RECORDS FOR THIS EXERCISE -
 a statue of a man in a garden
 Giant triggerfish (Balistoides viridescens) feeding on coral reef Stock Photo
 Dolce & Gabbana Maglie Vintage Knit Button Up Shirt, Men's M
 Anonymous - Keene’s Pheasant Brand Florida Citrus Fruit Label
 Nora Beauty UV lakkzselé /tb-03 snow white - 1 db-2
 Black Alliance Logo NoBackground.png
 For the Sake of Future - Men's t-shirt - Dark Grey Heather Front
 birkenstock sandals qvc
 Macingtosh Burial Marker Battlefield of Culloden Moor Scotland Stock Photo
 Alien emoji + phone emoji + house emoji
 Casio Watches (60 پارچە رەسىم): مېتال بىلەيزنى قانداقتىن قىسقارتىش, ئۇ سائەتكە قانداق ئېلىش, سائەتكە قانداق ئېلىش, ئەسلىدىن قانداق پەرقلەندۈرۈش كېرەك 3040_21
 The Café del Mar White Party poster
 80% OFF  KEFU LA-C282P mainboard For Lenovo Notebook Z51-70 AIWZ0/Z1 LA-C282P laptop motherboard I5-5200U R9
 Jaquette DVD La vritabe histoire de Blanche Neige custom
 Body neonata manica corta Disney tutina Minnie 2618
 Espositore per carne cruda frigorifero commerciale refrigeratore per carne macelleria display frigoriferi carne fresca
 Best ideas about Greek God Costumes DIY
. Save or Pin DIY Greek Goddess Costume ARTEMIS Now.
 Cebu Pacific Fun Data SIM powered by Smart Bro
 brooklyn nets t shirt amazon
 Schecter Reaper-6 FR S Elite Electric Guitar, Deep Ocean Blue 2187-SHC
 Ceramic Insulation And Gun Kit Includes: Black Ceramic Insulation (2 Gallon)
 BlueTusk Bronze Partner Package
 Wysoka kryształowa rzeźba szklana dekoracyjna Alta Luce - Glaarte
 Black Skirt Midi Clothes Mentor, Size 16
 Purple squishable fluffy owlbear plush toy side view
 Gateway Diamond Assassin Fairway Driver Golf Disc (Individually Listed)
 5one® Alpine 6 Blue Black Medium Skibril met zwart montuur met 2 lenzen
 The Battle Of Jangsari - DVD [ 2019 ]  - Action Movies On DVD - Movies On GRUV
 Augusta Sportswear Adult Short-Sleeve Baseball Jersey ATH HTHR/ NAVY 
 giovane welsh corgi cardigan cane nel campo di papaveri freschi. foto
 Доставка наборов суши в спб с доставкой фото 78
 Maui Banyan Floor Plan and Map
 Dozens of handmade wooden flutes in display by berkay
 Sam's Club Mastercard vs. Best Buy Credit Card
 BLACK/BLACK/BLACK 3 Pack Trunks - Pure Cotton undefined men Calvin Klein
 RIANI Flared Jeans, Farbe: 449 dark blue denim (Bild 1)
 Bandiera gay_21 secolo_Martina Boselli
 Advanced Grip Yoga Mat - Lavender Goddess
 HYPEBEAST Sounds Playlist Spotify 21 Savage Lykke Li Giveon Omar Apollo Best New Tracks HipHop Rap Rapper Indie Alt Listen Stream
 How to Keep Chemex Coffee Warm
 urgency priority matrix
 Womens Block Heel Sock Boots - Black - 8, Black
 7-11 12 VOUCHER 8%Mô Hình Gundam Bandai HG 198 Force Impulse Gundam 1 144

WHAT YOU HAVE TO DO - Could you retype exactly the lines above from the one containing "RIANI Flared Jeans, Farbe: 449" through the last line of the records, both included, and nothing else?

TASK ANSWER -
 RIANI Flared Jeans, Farbe: 449 dark blue denim (Bild 1)
 Bandiera gay_21 secolo_Martina Boselli
 Advanced Grip Yoga Mat - Lavender Goddess
 HYPEBEAST Sounds Playlist Spotify 21 Savage Lykke Li Giveon Omar Apollo Best New Tracks HipHop Rap Rapper Indie Alt Listen Stream
 How to Keep Chemex Coffee Warm
 urgency priority matrix
 Womens Block Heel Sock Boots - Black - 8, Black
 7-11 12 VOUCHER 8%Mô Hình Gundam Bandai HG 198 Force Impulse Gundam 1 144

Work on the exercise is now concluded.